幾聲爆炸聲響起,士兵們扭轉脖子看了看,似乎並沒有人受傷,這個時候忽然有人手指後方,驚聲大叫起來,大家跟着回頭一看,高坡之上,高聳的蘇魯錠大纛已經不見了,附近的騎兵四散而逃,剛才還站在那裏鼓舞他們的大汗阿布鼐也是不見蹤影。

是逃跑了,還是被炸死了?

一層陰影蒙在了所有士兵的心頭,然而無論是哪種結局都會讓他們崩潰。

「火銃上膛,預備.........!」

前沿的步營軍官發佈了射擊的命令,嘩啦啦的聲音不斷響起,所有的火銃都搭在了胸牆或者沙袋之上,與此同時,雙方的鼓聲、喊全都停止了,戰場之上,一片死寂。

「預備!」所有的士兵喊了起來。

咔噠,咔噠。

清脆的上膛聲音成為了戰場上的唯一,當再次安靜下來的時候,對準蒙古士兵的只剩下了黑洞洞的槍口和雪亮的刺刀!

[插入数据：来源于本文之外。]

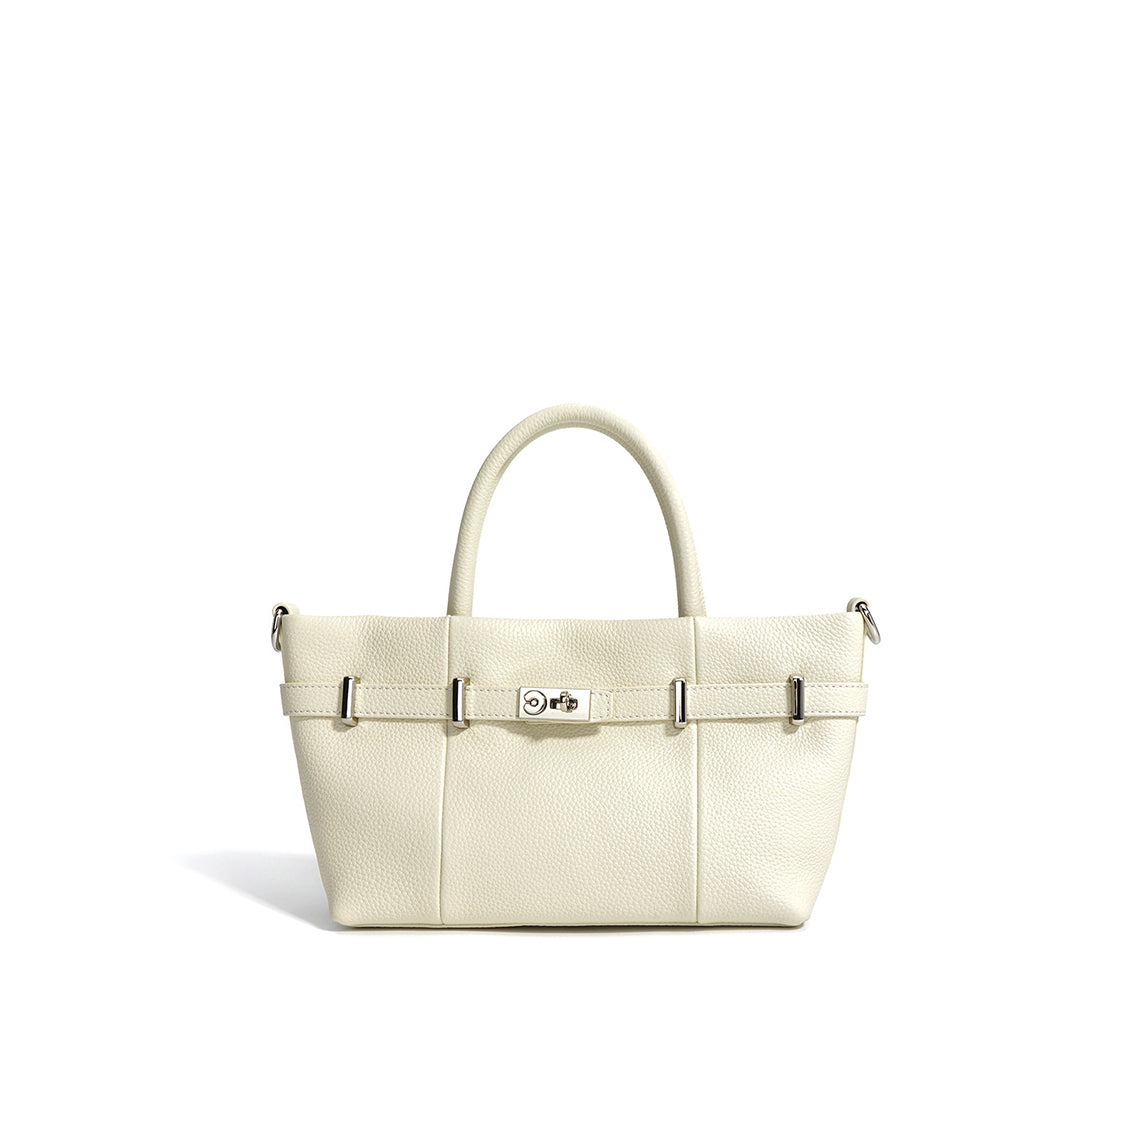 White Leather Bag for Women | Affordable Genuine Leather Bags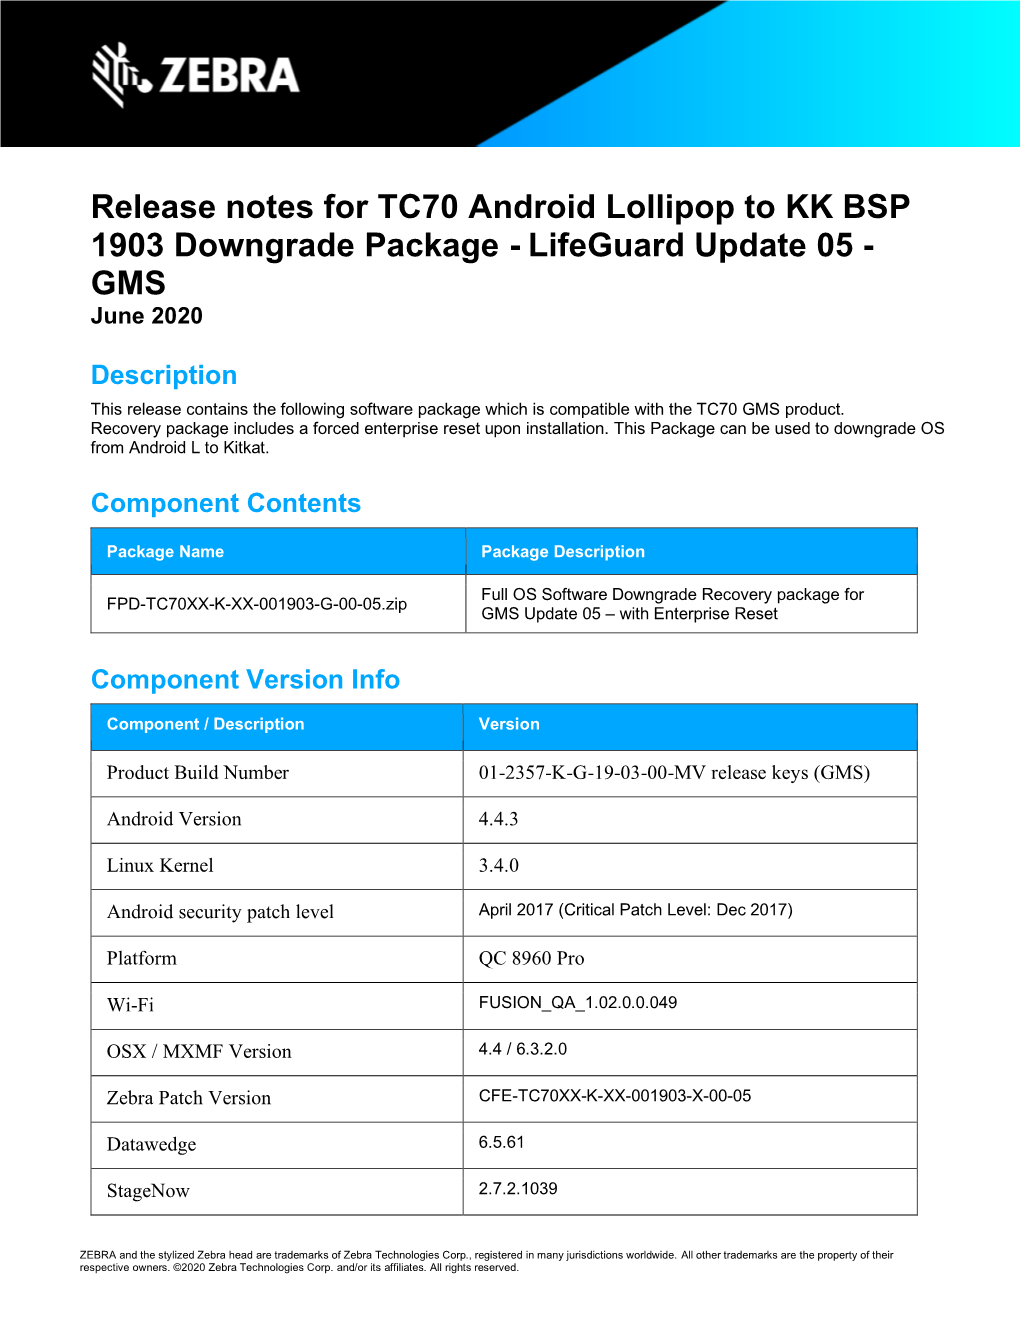 Release Notes for TC70 Android Lollipop to KK BSP 1903 Downgrade Package - Lifeguard Update 05 - GMS June 2020

擁有面對火器部隊經驗的扎薩克圖的士兵知道眼前的一幕是什麼意思,齊射在即!

一瞬間,前沿的蒙古士兵慌亂一片,有人逃跑,有人翻滾,有人抱頭痛哭,後方的督戰隊立刻上前彈壓,但是這個時候,近衛軍軍官們聲嘶力竭的聲音壓倒了一切。

「射擊!」

砰砰砰!

一輪齊射讓戰線之上出現了一條長達四里的煙龍,雷鳴一般的槍聲之下,一道道的橘色火焰在煙龍之中綻放,無數的子彈帶着尖嘯聲射入蒙古軍中混亂的陣型,彈頭裹挾著狂暴的力量,飛快的旋轉着,撕裂步卒身上的甲胄,鑽出體內,帶出一蓬蓬的血霧和一團團內臟,然後再撕扯下一個阻擋者的身體,連綿不絕的噗噗聲音響起,前面的人死狀還好,越往後越慘,穿透了人體和甲胄的彈頭已經開始變形和翻滾,造成更大的傷口,還有攪碎更多的內臟。

「繼續射擊!」

近衛軍的士兵們視野被火藥產生的煙塵阻擋,但是他們卻沒有等待,而是果斷的繼續上膛,繼續射擊,一直把彈倉里的子彈全部打光為止。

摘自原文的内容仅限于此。